- TRY IT
Every line below between the one holding "Orchid Dendrobium speciosum" and the one holding "Ruben Studdard Releases", inclusive, should be copied exactly, and no other line.

- DATA SHOWN
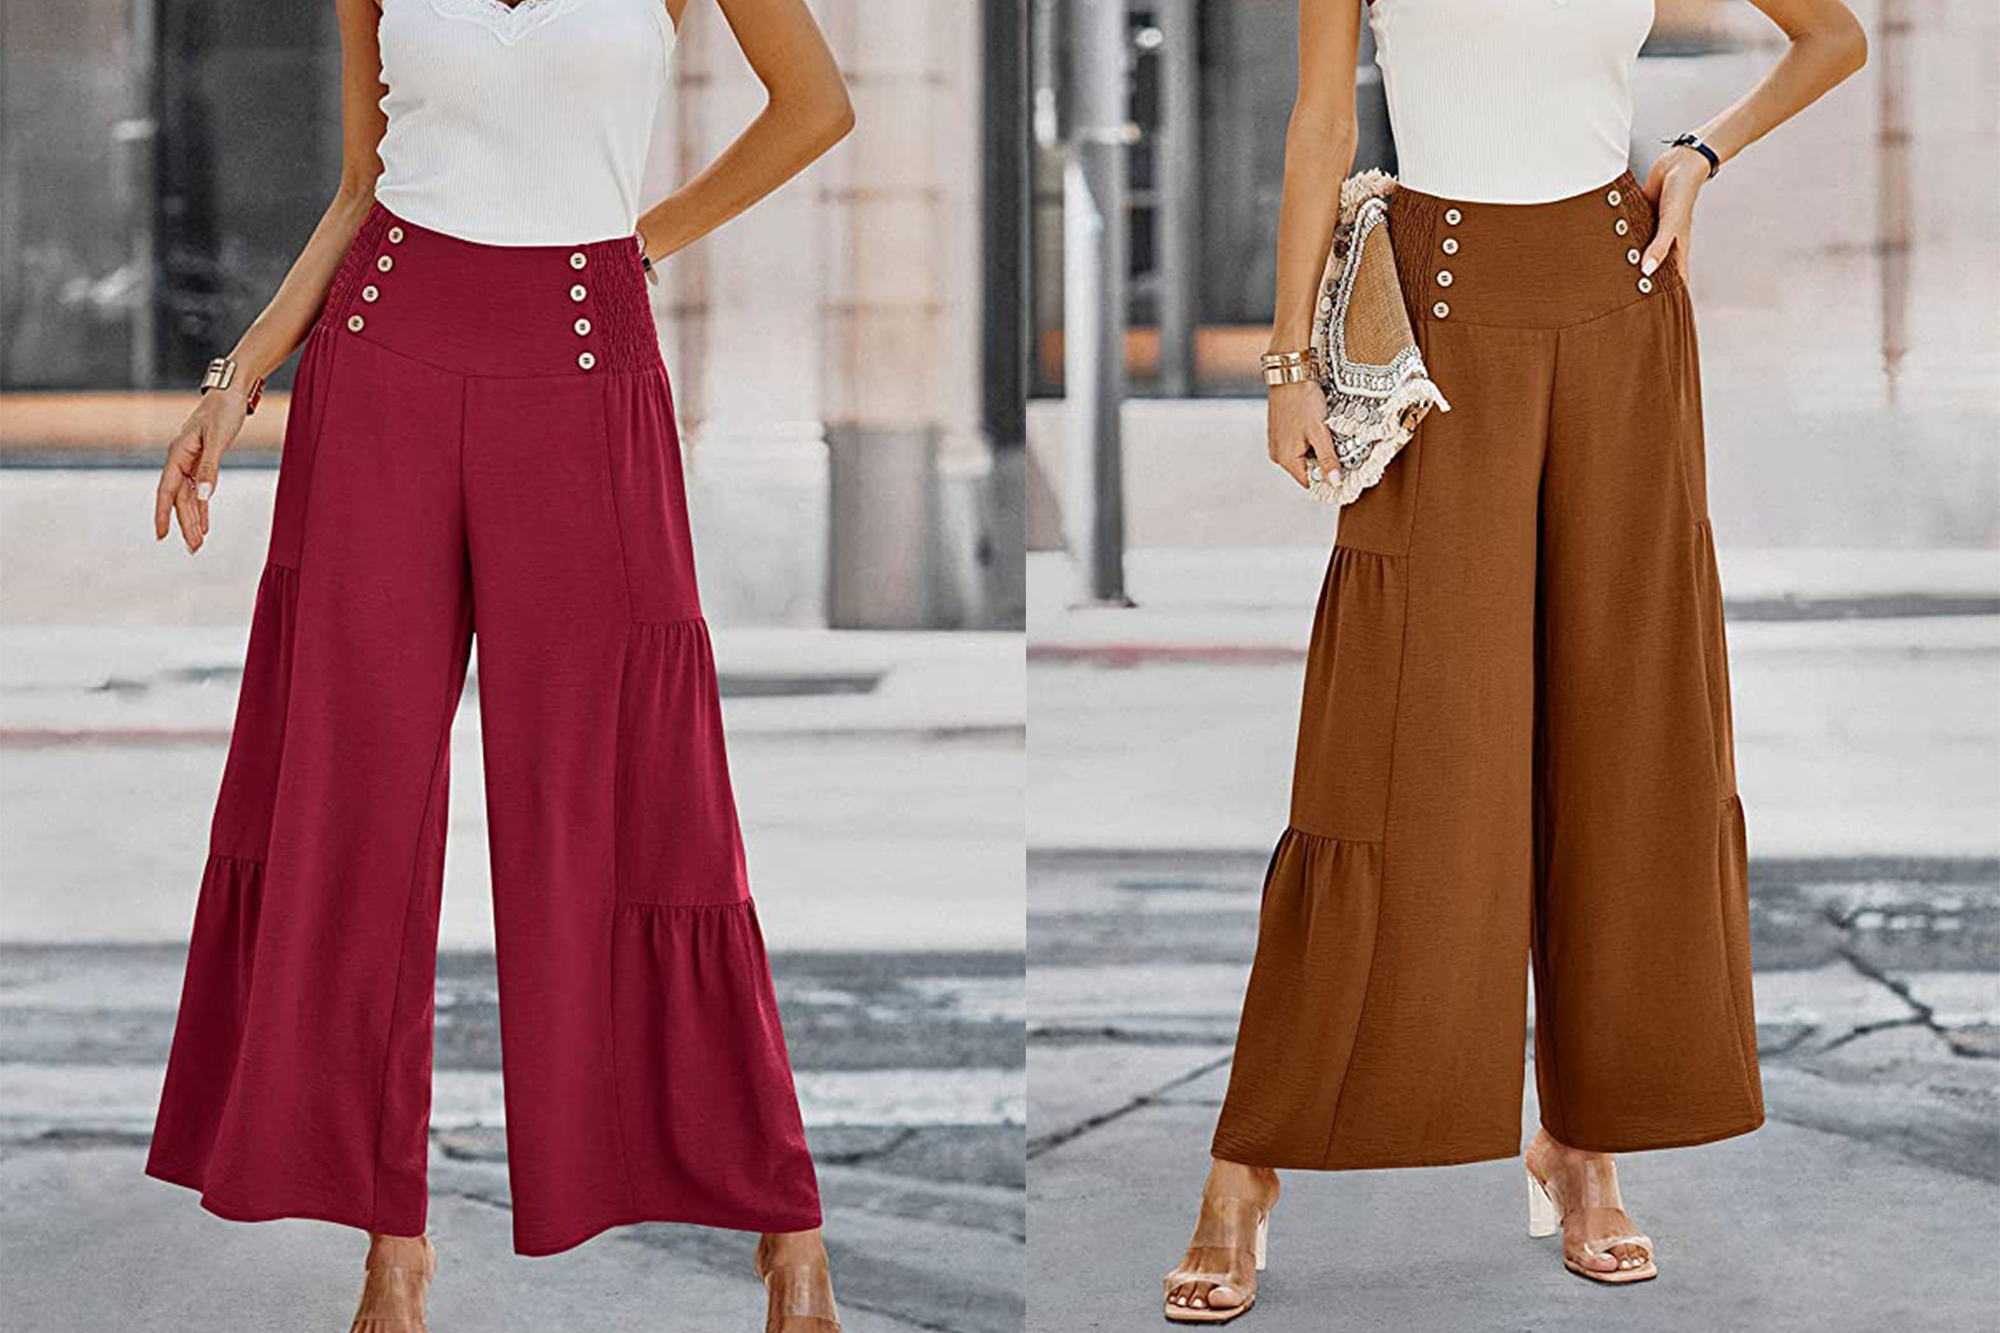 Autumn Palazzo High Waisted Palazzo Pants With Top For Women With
...
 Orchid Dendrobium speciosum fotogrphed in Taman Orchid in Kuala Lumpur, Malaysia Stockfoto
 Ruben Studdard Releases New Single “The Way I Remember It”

- SOLUTION FOR THIS PROBLEM
 Orchid Dendrobium speciosum fotogrphed in Taman Orchid in Kuala Lumpur, Malaysia Stockfoto
 Ruben Studdard Releases New Single “The Way I Remember It”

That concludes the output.